The yield curve is picking up on slower economic growth, for example—and so are central banks, which Shenfeld appreciates.

“We were quite concerned late last summer that the central banks in both Canada and the U.S. were on a path that would risk an overkill in terms of the pace and destination of interest rate hikes,” he said. Excessive tightening in borrowing conditions is a recession trigger, Shenfeld explained in a recent report.

For its part, the Bank of Canada (BoC) raised its key rate five times from mid-2017 to October 2018. But going forward, a more measured approach is expected.

“Both central banks now seem to be recognizing the reality of this cycle,” Shenfeld said, “which is that neither the U.S. nor the Canadian economy is showing enough momentum to make a convincing case that they can continue to do well with sharply higher interest rates.”
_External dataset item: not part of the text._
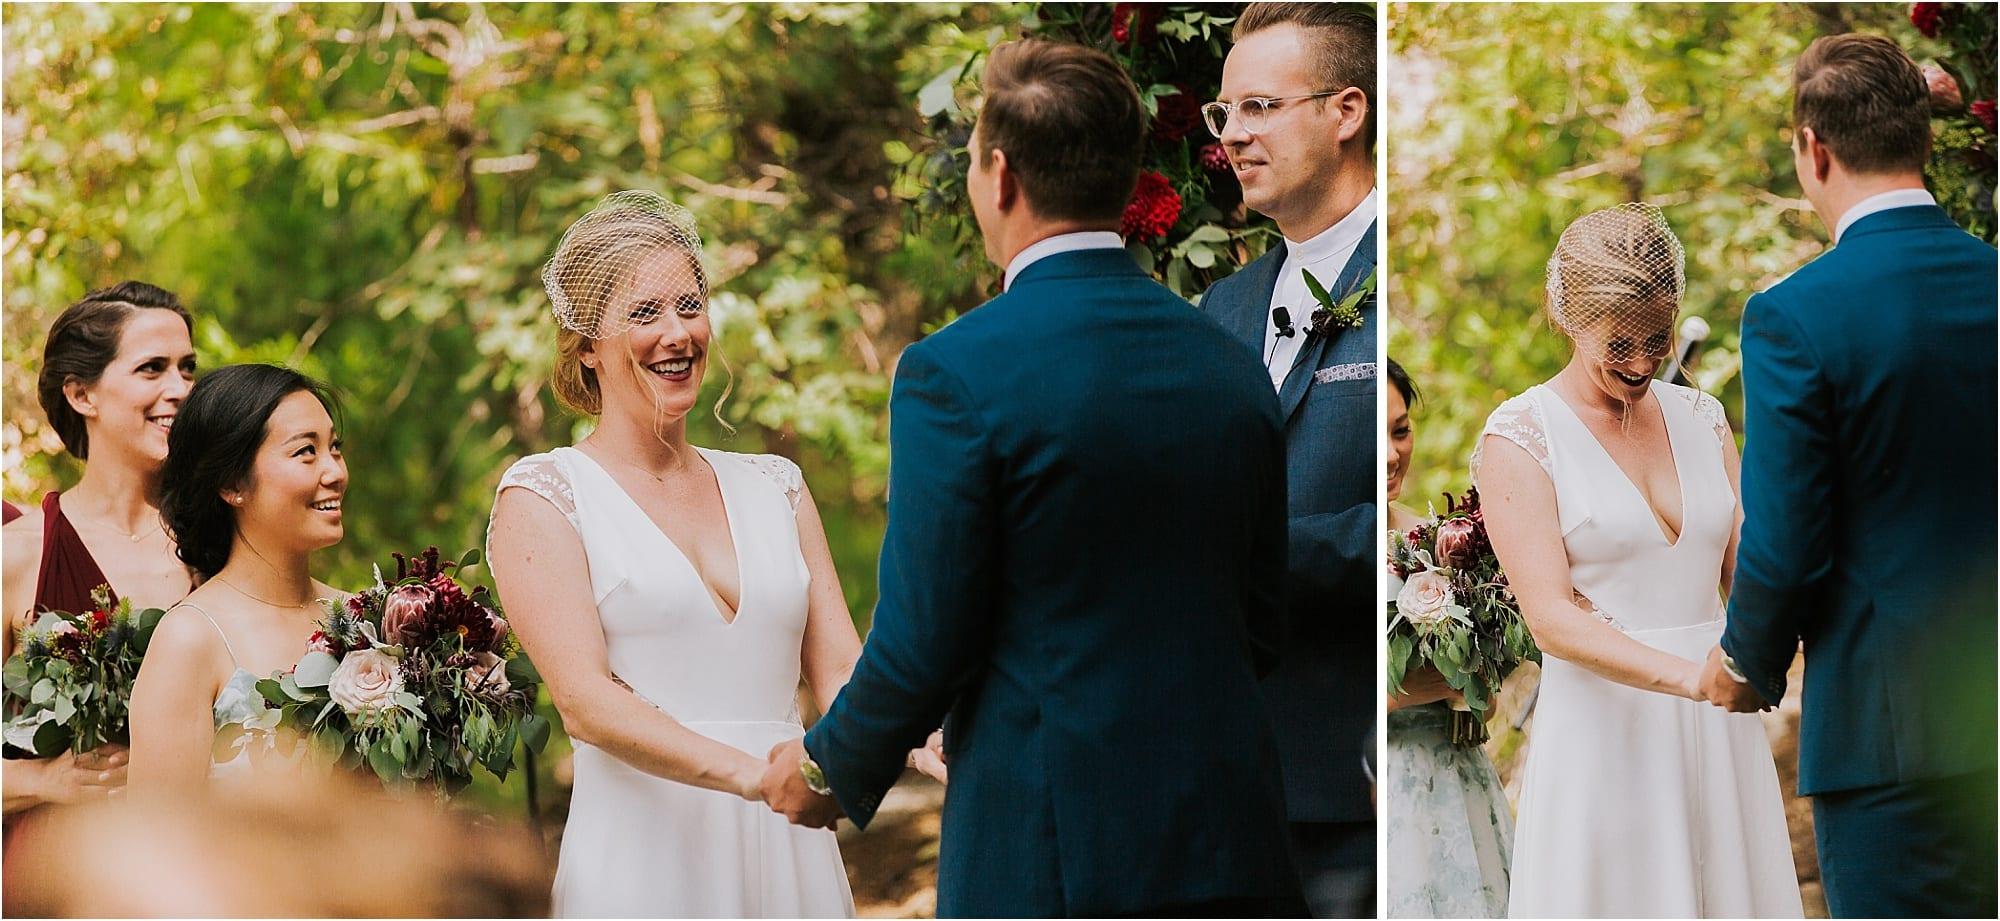 Evergreen Lodge Yosemite outdoor wedding ceremony

The BoC has held its key rate since the October hike, and at its last rate announcement on March 6 it said the economic outlook continues to warrant a policy interest rate below the 2.5% to 3.5% neutral range. When the Fed last held its key rate on March 20, it projected no hikes this year.

And 2020 could even see a Fed rate cut. With U.S. fiscal stimulus expected to fade that year, “we might well see the Fed cut interest rates a quarter point to keep the economy from dipping into more of a slowdown than they were bargaining for,” Shenfeld said.

He also noted that yield curve inversion is characteristically different from previous periods—another reason not to sound the recession alarm bell.

“The new normal for long-term interest rates is lower than it was in the ’70s and ’80s,” he said, “because markets no longer fear the risk of an escalation of inflation and no longer demand the same set of term premium to lock in money over the longer term.”

A better indicator of recession would be “a steeply negative slope for the yield curve, coupled with a softening in employment data,” he said.

Yet, 10-year yields are now just above three-month yields in Canada and the U.S., and jobs growth is solid. In Canada, jobs growth over the first quarter of 2019 was the strongest since late 2017, and the U.S. economy added 196,000 jobs in March.

Said Shenfeld: “We don’t have either of those signals yet for the U.S. or Canada.”